Mr Whelan said it was a “Monty Python world” in which taxpayers are funding dividends for shareholders of private companies.”

Proxies sent out without the power to change

The post-pandemic structure effectively makes Network Rail (responsible for track, signals and some stations) and the Rail Delivery Group (representing private train operating companies) passengers in this dispute, proxies sent out to negotiate without the power to change terms.

It’s an argument powerfully prosecuted by Mick Lynch, leader of the RMT.

“There’s a Stalinist obsession with centralised control in the Department of Transport,” he told MPs.

“British Rail would never have tolerated this level of interference.”

The central charge is that ministers deliberately derailed negotiations by insisting on terms they know the unions would never accept.

Exhibit A is the introduction of driver-only operation (DOO) as a condition of pay offers made to the RDG to the RMT.

Union opposition to DOO is long-established, on the grounds of passenger safety and the job losses that would flow from removing guards.

When the RMT – entirely predictably – rejected the RDG’s offer before Christmas, Mr Lynch says ministers were happy for seasonal strikes to go ahead in order to try and turn public opinion against workers.

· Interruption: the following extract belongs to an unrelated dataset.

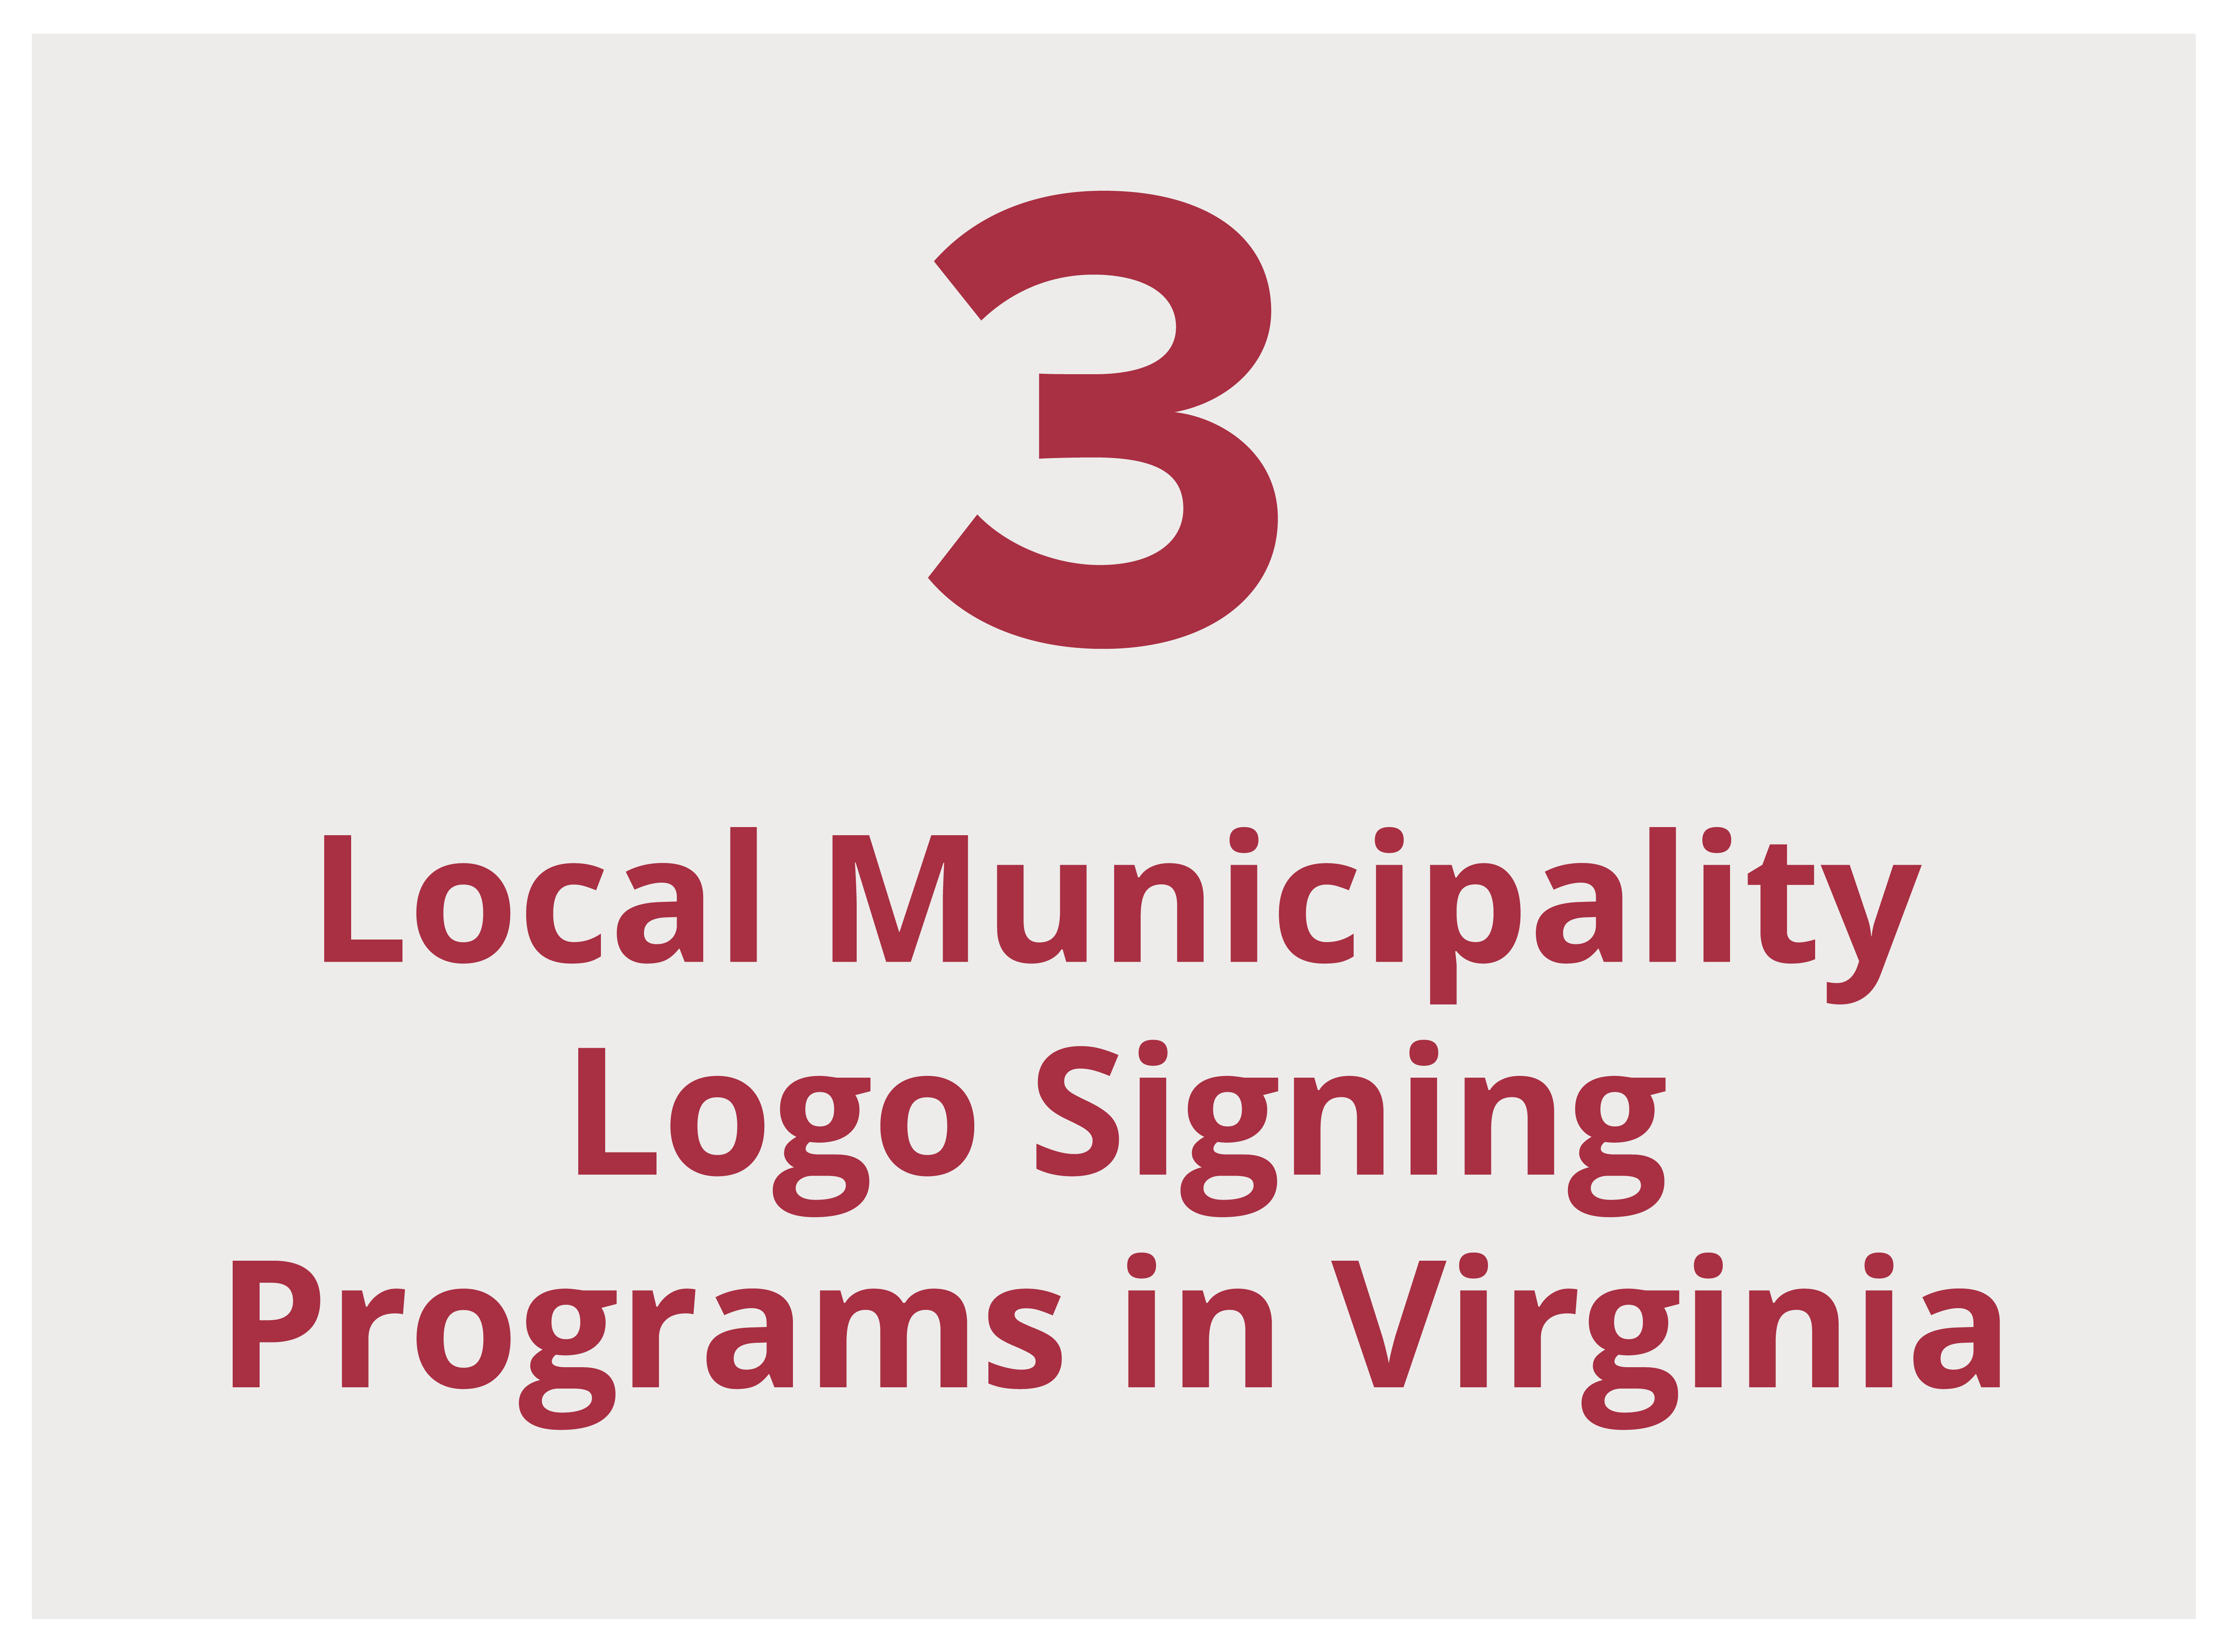 3 Local Municipality Logo Signing Programs in Virginia

It is a cynical view, but one supported by the evidence.

Mark Harper, the third transport secretary in the last six months, has never denied his department had a role in introducing DOO, and the introduction of draconian anti-strike legislation this week by his predecessor Grant Shapps suggests an administration seeking conflict rather than common ground.

A chance for a deal

Yet for all the bad blood, a window of opportunity has opened.

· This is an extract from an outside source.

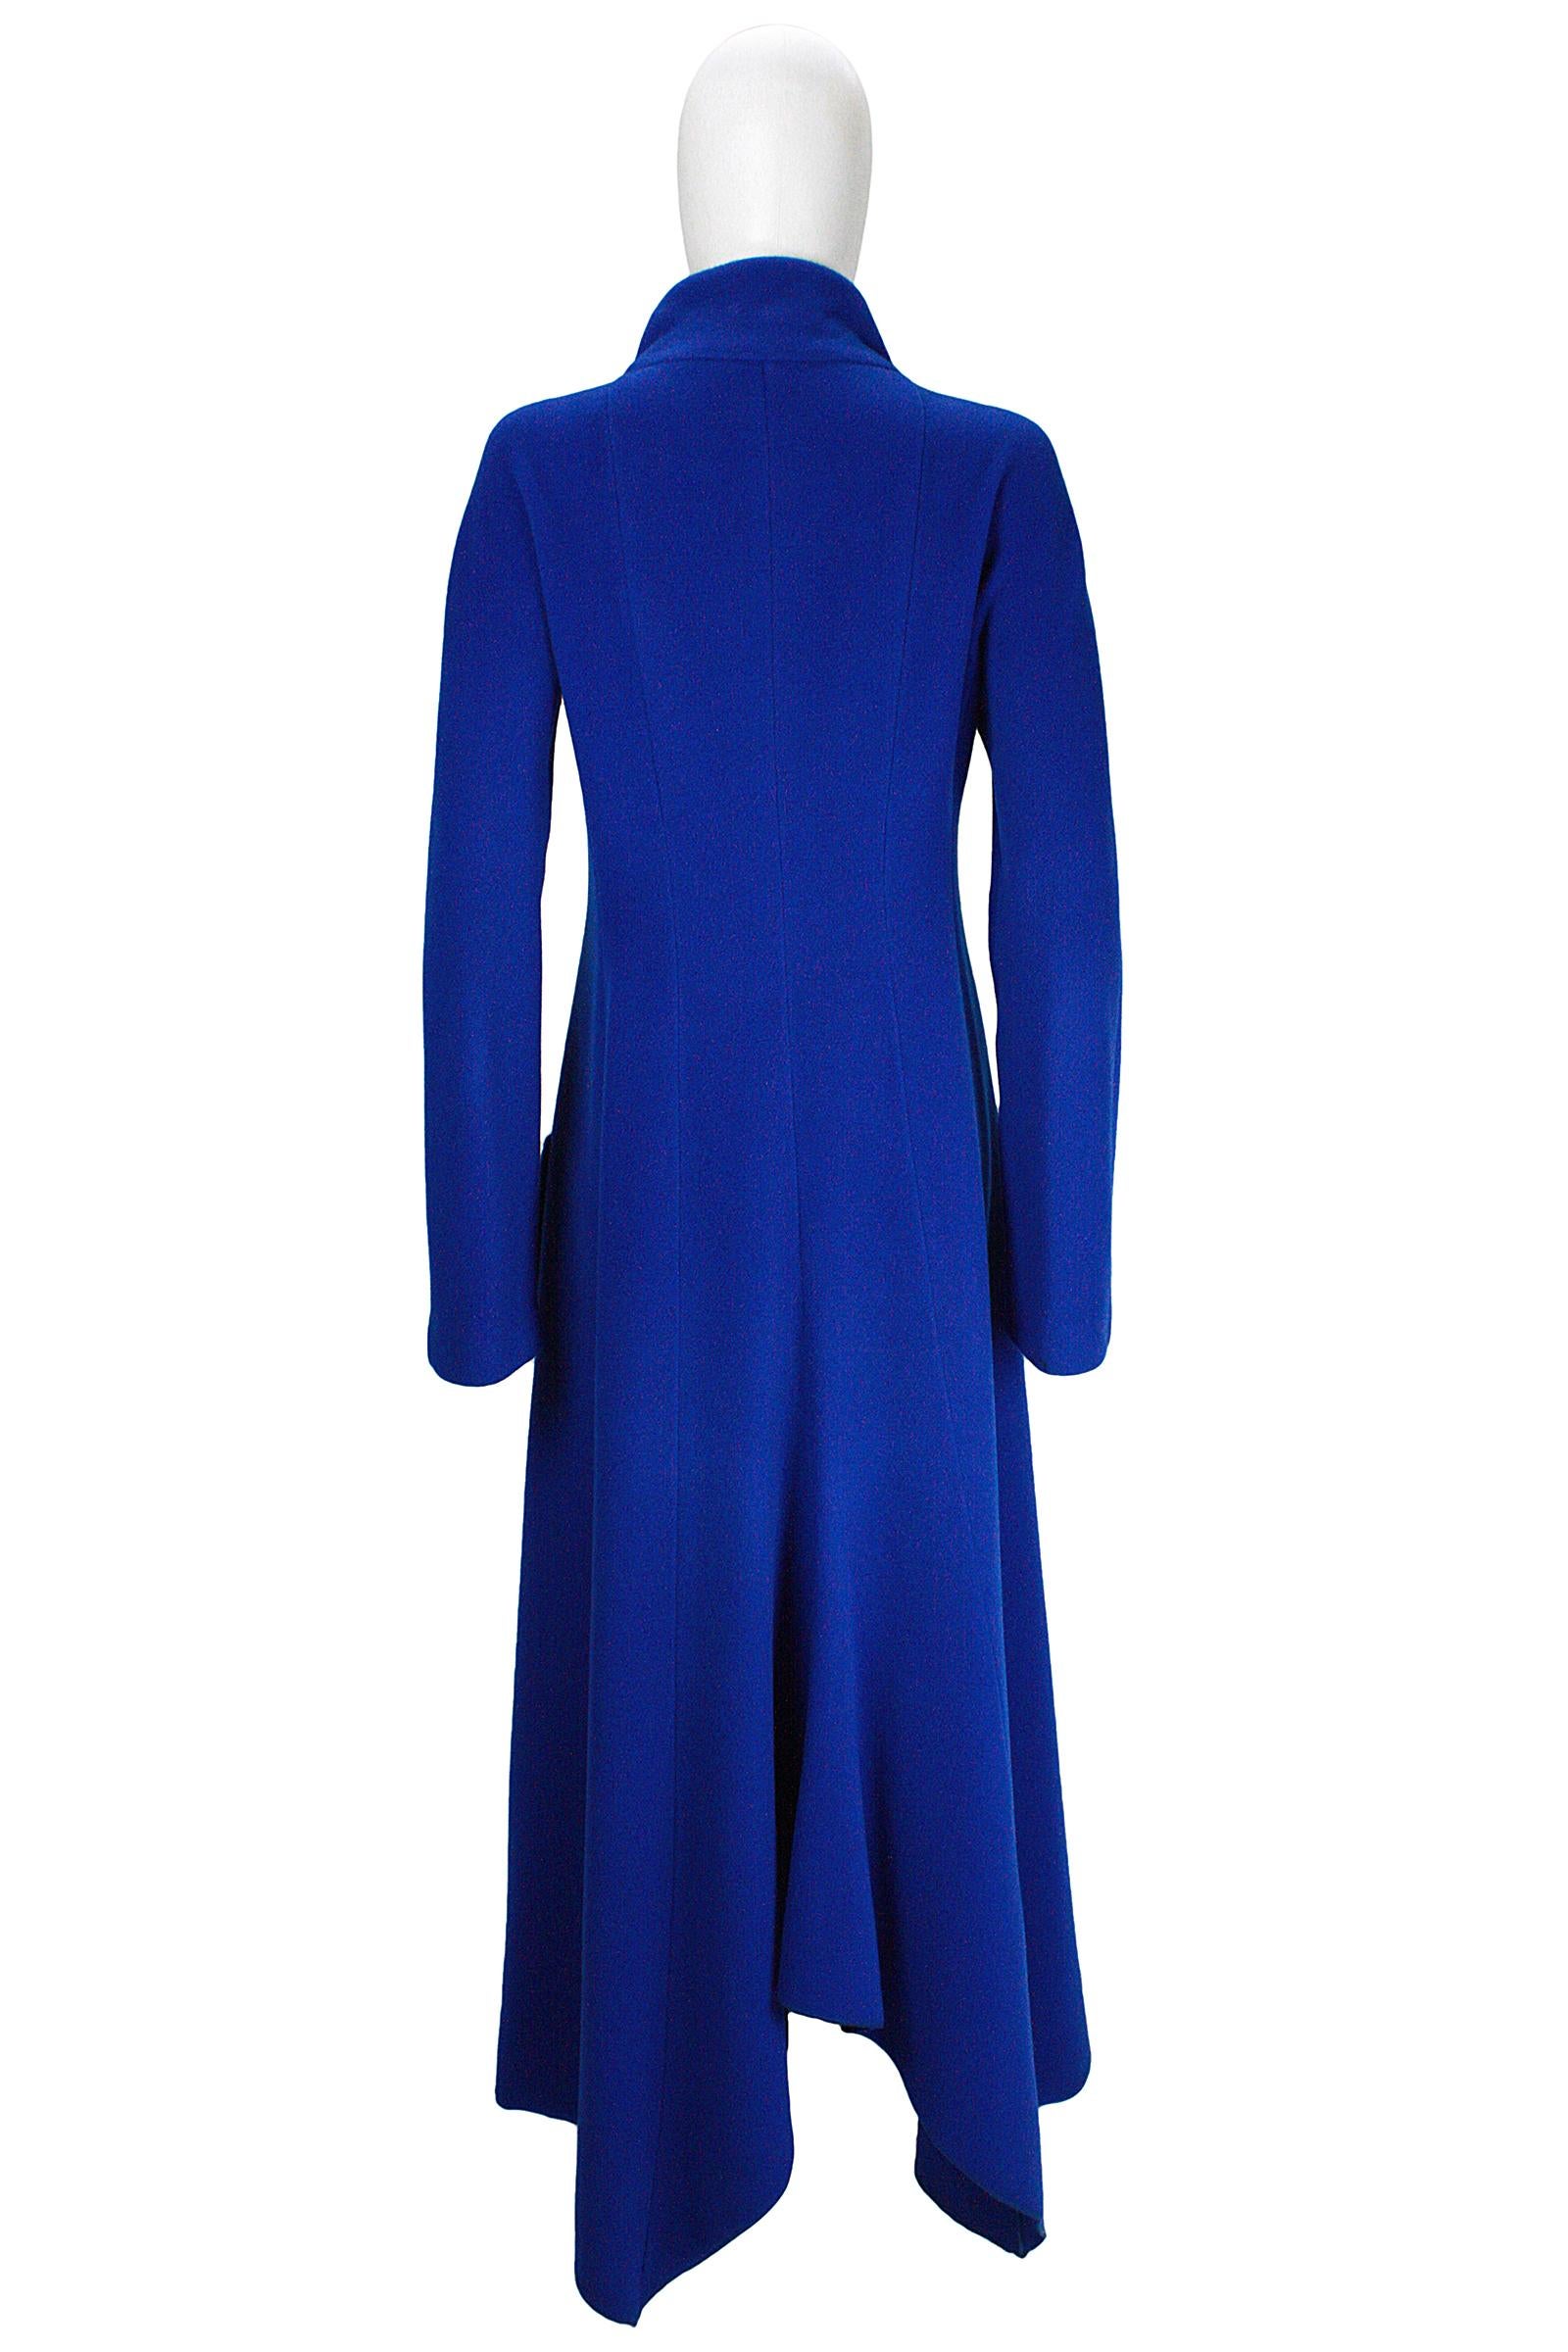 1980s Krizia Blue Wool Double Zip Coat For Sale 2

Having held four days of industrial action in each of December and January, and 19 since last June, RMT members in particular have taken a huge financial hit. Their leadership may now give them a chance to recover and pay the bills by working uninterrupted for a month or two.

The RMT mandate for strike action lasts until May and they may yet use it again, but as long as they don’t the employers, and the ministers in charge, could move towards a new offer.

If they want a deal they will need to give ground, recasting or removing the DOO clauses, and perhaps finding another percentage point of pay to make the RDG and Network Rail deals worth 10% over two years.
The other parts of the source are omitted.